I’m sorry to say we have, once again, gone a bit feral. It happened a lot faster than in the first lockdown but I’m putting that down to the usual Christmas pressures and just the fact that we’ve had a lot of practice this year.
I had cold pizza for breakfast, no hangover in sight, and tried to pass it off as a continental in so much as it consisted of bread, ham and cheese.
Xander had Jelly Babies and cookies for lunch a couple of days ago, on the same day that I totally forgot to feed the other two lunch altogether. (In my defence we were on a long walk and Xander was getting grumpy in the backpack so I had to feed him all we had to hand.)
Bella has been working through her summer wardrobe - sundress and matching cap today (not sure how that purchase combo came about) - when she’s clothed at all, which is 50-50 at the mo.
And today, when Henry finished his dinner (“Mummy did you know this is the first time we’ve had vegetables in two days?”) he inexplicably climbed onto Andy’s shoulders and just sat there. The weirdest thing being that no one acknowledged it for a full two or three minutes.
Still, Christmas has been a blast! No seriously.
The run up was a bit manic - indeed no less mental than usual with dashes to the post office, a sellotape shortage, a one hour queue for the butcher to collect a turkey we didn’t even want, and wrapping, hiding then losing all the kids’ stocking presents - but from Boxing Day onwards it’s been great!
Day upon day of nothing but crisp, cold walks, eating food that doesn’t constitute a real meal, and peering outside every morning to see if anyone else has put their bins out.
I’ve also engaged in my absolute favourite Chrimbo Limbo pastime (thanks Dad for that shorthand, it’s duly been adopted) of clearing out cupboards. If we had a skip it’d be full but as it is we’ve done one run to the dump already and I’m busy posting 50% of our possessions on Facebook Marketplace.

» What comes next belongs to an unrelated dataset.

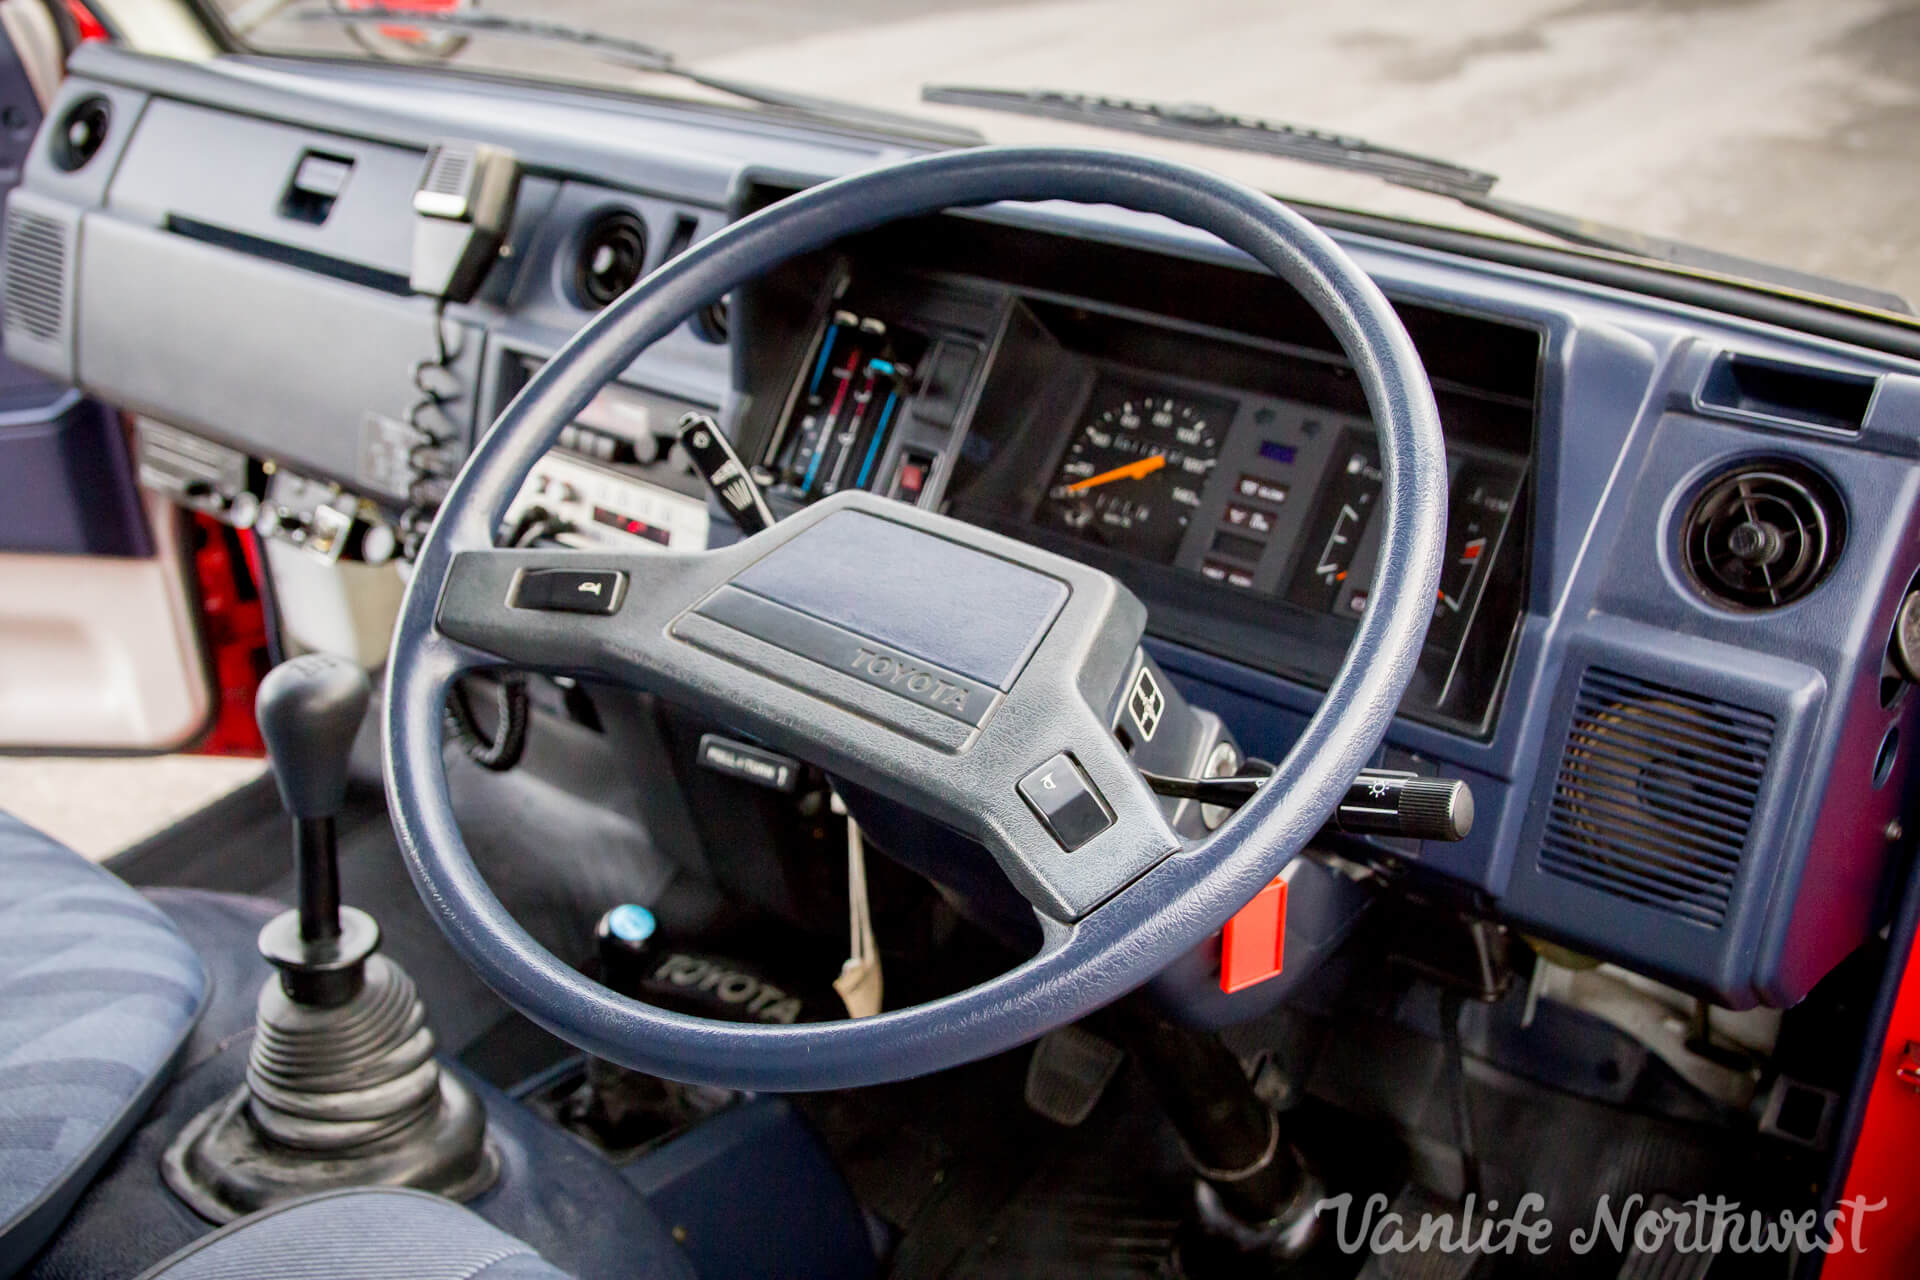 ToyotaHiaceFireTruckLH851990-27.jpg

So cleansing.
That said, the sink in the utility is still full of muddy football boots and school shoes waiting to be washed, so still some way to go.
Christmas Day was strange, of course, but it only really fell down when we sat down to eat. I did a full Christmas dinner and hoped against hope that the kids would rise to the occasion but, as ever, they spent the meal arguing about who was going to light - and then blow out - the candles, loudly identifying every item on their plates that they weren’t prepared to eat, asking if they could have pudding yet, spilling drinks left, right and centre, crying when they didn’t win the cracker, then asking to get down after 20 minutes. No different to any other meal here, and no reason why it should be, but still. I possibly had slightly too high expectations.
This evening I realised it’s New Year’s Eve tomorrow. For what it’s worth. We are currently discussing whether we’re going to stay up till midnight, but as Xander wakes up at 5am I don’t know that I necessarily need to sit (read: doze) on the sofa till 12.15am with the same (albeit very agreeable) person I’ve looked at every single evening for the last 282 days, just to be grumpy about it the next day because I’m so tired.
Also I don’t think this year deserves to be acknowledged as being over. It is only giving it the attention it so clearly craves. I think it’s best if we all ignore it, go to bed, and hope to wake up in a world where Marty McFly has gone back to the 1960s and single-handedly prevented the conception of the entire Tory cabinet. (We watched Back to the Future today so that’s a topical, if random, dream for me.)
And you know what, I started writing this to the sounds of Steps presenting a painfully awkward show called Step into 2021 on Radio 2 (or maybe it was Steps into 2021 - either way it was very contrived and scripted, even the bit where they started laying into equally crap rival bands) and as I finish Trevor Nelson is playing the splendid Here Comes the Hotstepper.
I’m taking this as a sign: things are looking up already.